Interferograms showing effects of hemolysis, lipemia, and bilirubinemia on determining IGF-1 concentrations are presented in Figure 2. On the graphs, X-axes show increasing concentrations of hemoglobin, triglycerides, or bilirubin while Y-axes show percentage change in IGF-1 [(Vƒ/Vo) × 100]. A one-way ANOVA showed significant decrease in IGF-1 concentrations in presence of hemolysis (P = 0.0015) and lipemia (P = 0.0043), but not bilirubinemia (P = 0.1). Dunnetts’ post test showed a statistically significant decrease in IGF-1 concentrations when hemoglobin concentrations were 1, 2, 4, and 8 g/L (P < 0.05, P < 0.05, P < 0.01, P < 0.005, respectively), and when any amount of triglycerides was added to the samples (P < 0.01, in all cases). These results would partly agree with ones reported by manufacturers, as they indicate the influence of low grade hemolysis on IGF-1 levels and that the presence of conjugated and unconjugated bilirubin in concentrations up to 200 mg/L had no effect on the results. But it is contradictory in the case of lipemia, as the manufacturers have reported that the presence of triglycerides, up to 3000 mg/dL, had no effect on the IGF-1 levels.
Figure 3 shows serum IGF-1 levels over a 20 h period in fed and fasted dogs. No consistent statistically significant diurnal patterns in total IGF-1 levels were observed in both groups. These data are in accordance with results published in human medicine, in which most studies agree that circulating IGF-1 levels remain relatively stable during the day and are unaffected by meal intake, as well as the type of meal (14–16). Conversely, in other studies on humans, there is evidence of a nocturnal decline in IGF-1 levels from midnight to 04:00 h, following which the levels return to baseline (16,17). This can be explained by shifts in plasma volumes (18).
Responses of cortisol and total IGF-1 to methylprednisolone, in comparison with placebo injection, are shown in Figure 4. Circulating cortisol levels increased 180.5% in group 1 (P = 0.0008) and 1318.9% in group 2 (P = 0.0003) 2 h after methylprednisolone injection.
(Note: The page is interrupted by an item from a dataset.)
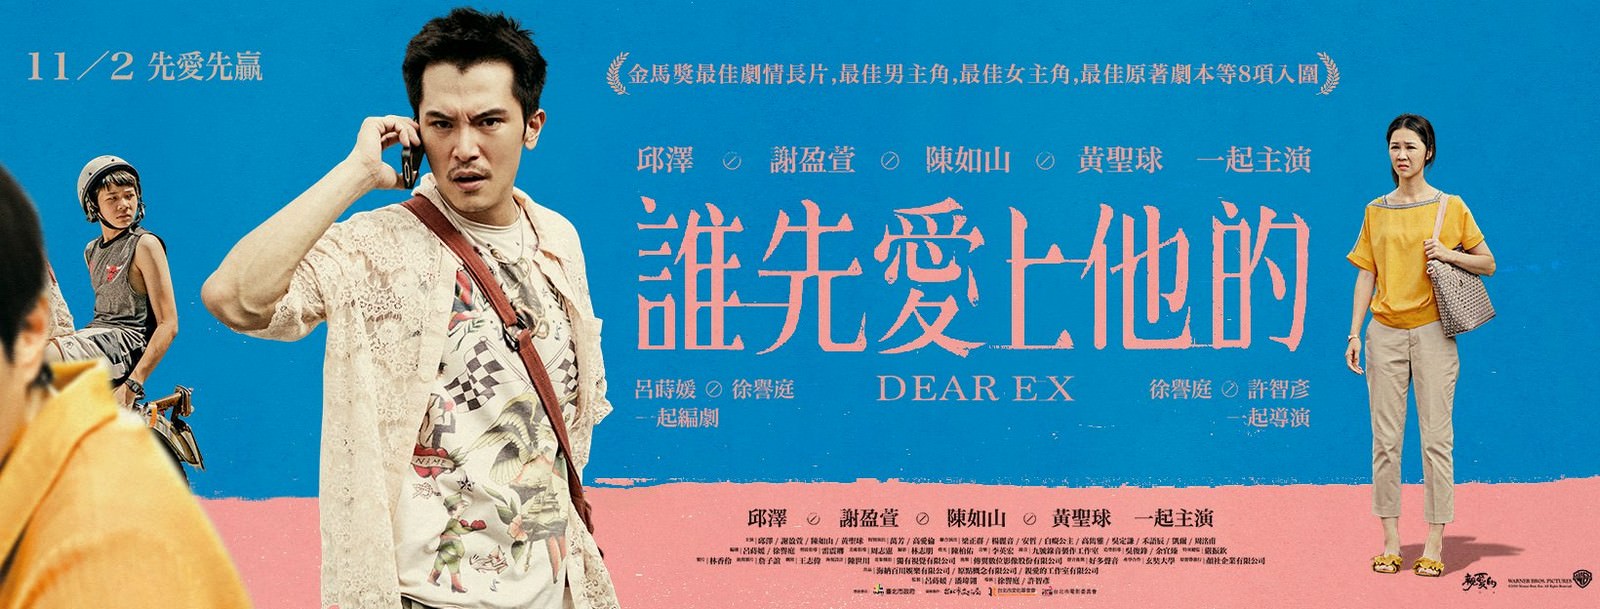 Movie, 誰先愛上他的(台灣, 2018年) / Dear EX(英文), 電影海報, 台灣, 橫版

Four hours after methylprednisolone injection cortisol levels in group 1 returned to normal values (P = 0.5), while in group 2 cortisol levels were still significantly increased 36.4% (P = 0.0089) and returned to normal values 12 h after corticoid injection. Methylprednisolone 1 mg/kg BW and 5 mg/kg BW subcutaneously did not cause alterations in circulating IGF-1 levels, and no significant difference was found between the control group and groups that received glucocorticoids. Similar results were reported by Wolthers et al (19,20) as no changes in circulating IGF-1 levels in children with asthma treated with low doses of prednisolone (2.5 mg) or inhaled glucocorticoids were detected. In addition, normal IGF-1 levels have been reported in humans with Cushing’s syndrome (21). Conversely, Miell et al (22) reported that treatment of men with dexamethasone (2.5 mg) for 3 d significantly stimulated total IGF-1 levels.
In conclusion, the automated method that was tested in the present study exhibited analytical characteristics validating its use in the laboratory, including adequate precision and linearity under dilution. Since it is robust, safe, and totally automated, this method will facilitate widespread studies and applications of IGF-1 measurements in dogs. Furthermore, we have demonstrated, that canine IGF-1 was significantly influenced by hemolysis and lipemia, so hemolytic or lipemic samples should, ideally, be discarded or interpreted with caution. However it was not affected by meal, fasting, or methylprednisolone administration, so in practice no strict standardization of the sampling condition (time of the day, fasting versus non-fasting, no previous corticoid treatment) is required for collection of blood for IGF-1 measurements.